Key: if you’ve had a breast surgery and are concerned about low milk supply, rule out this factor before moving on to anything else. As stated, surgeries have the potential to impact supply but there is not a guarantee. There are several factors and each breast/person/surgery is different.

9. Alternative Feeds/Pacifiers

Occasionally I hear mother’s say that they are going to have their spouse give a bottle so they can catch up on sleep. This idea is great, in theory.
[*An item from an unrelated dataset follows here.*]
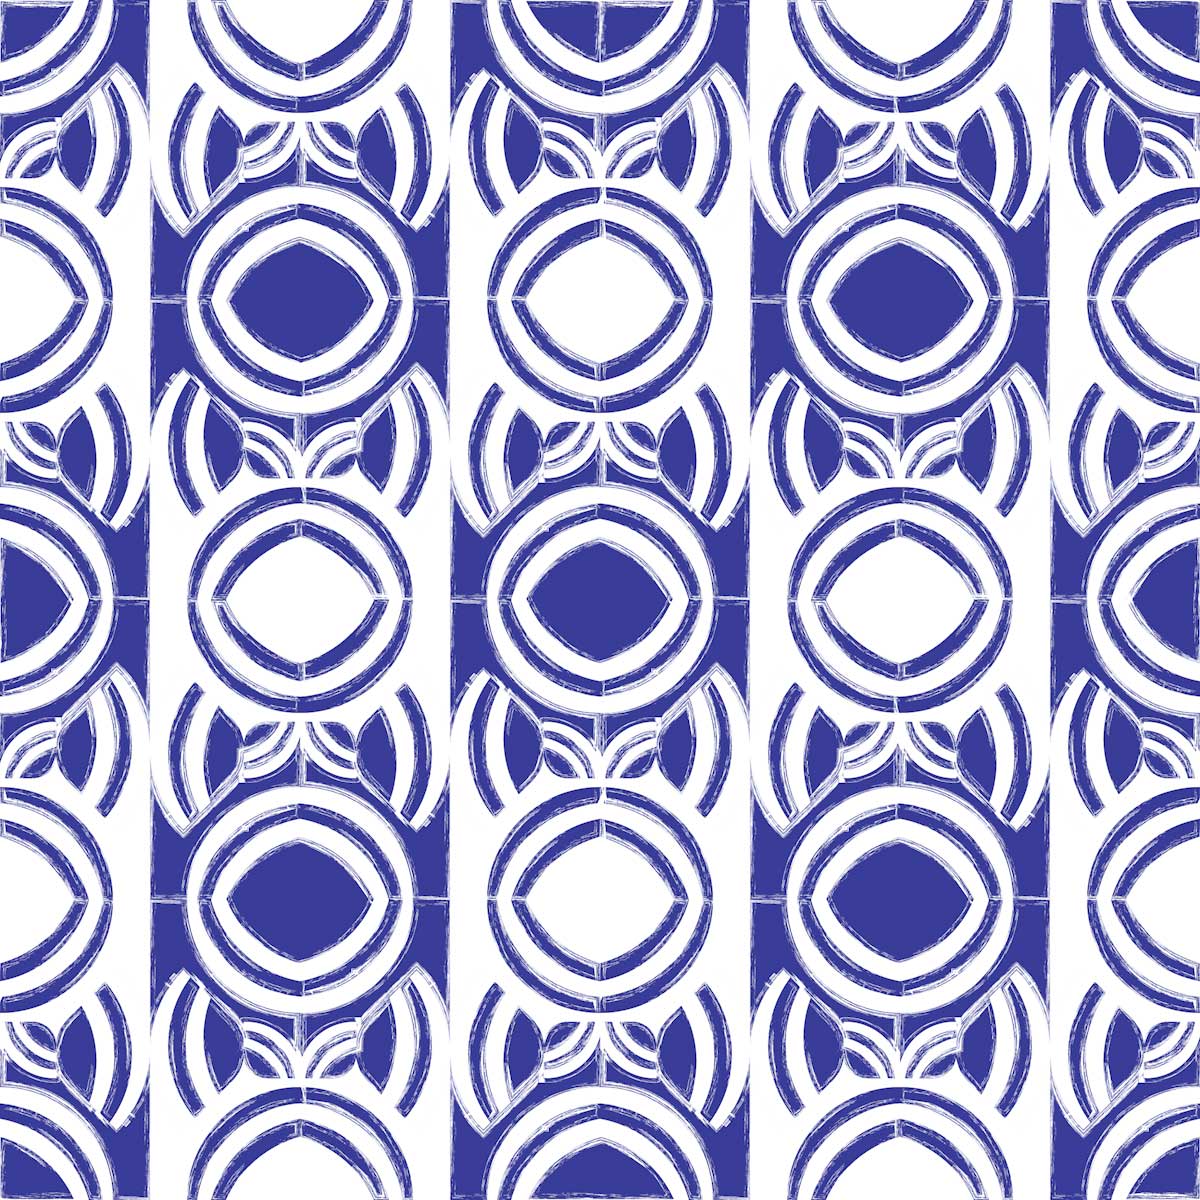 Shelly pattern download. No cost to download and free to use in commercial and personal projects Illustrator free pattern download. 
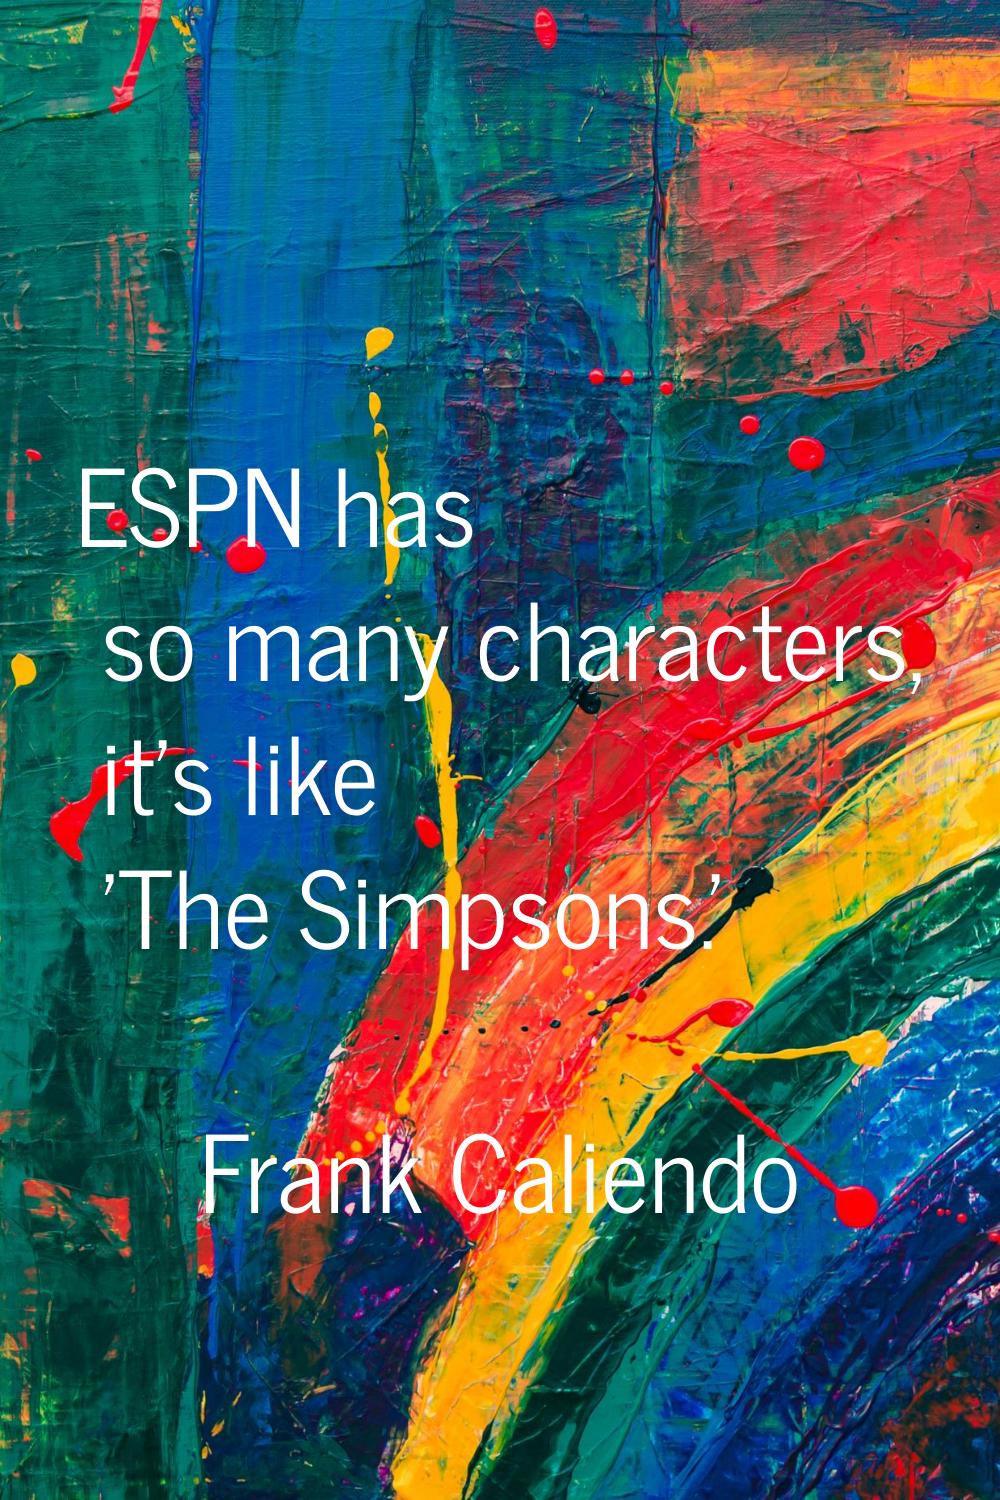 ESPN has so many characters, it's like 'The Simpsons.'

Long term, it has the potential to lower your milk supply due to the fact that you’re not feeding the baby in a consistent manner. See number 1 above in regards to inconsistent feedings.

When it comes to pacifiers, I’m not saying don’t ever use them. During hospital consultations, I often discourage the use of them because the baby is usually showing hunger cues. The baby is not using you as a pacifier in the newborn stages. The baby is using the pacifier in replacement of feedings. When a newborn is actively sucking at the pacifier, they can occasionally suck themselves into an exhaustion or even into sleep.

Key: if you feel the need to skip a feeding for a well deserved break, then do it. Just don’t make a habit of it without expecting a dip in your supply. Take a night (or two) off, then get back in the game. The same strategy goes for pacifier use. I know for a fact that it just gets to the point where you and your nipples need a break. Try your best to hold out on the pacifier use in the earlier weeks of breastfeeding, if possible.

10. Pump malfunctions

Sometimes it’s as simple as your pump malfunctioning. Double check the assembly and integrity of pump parts (especially the tubing and membranes). Other questions to ask yourself: is your pump new or used? Does your pump’s motor sound slower? Have you tried another pump?

Key: If you’re determining a decrease in supply while pumping, check your breast pump!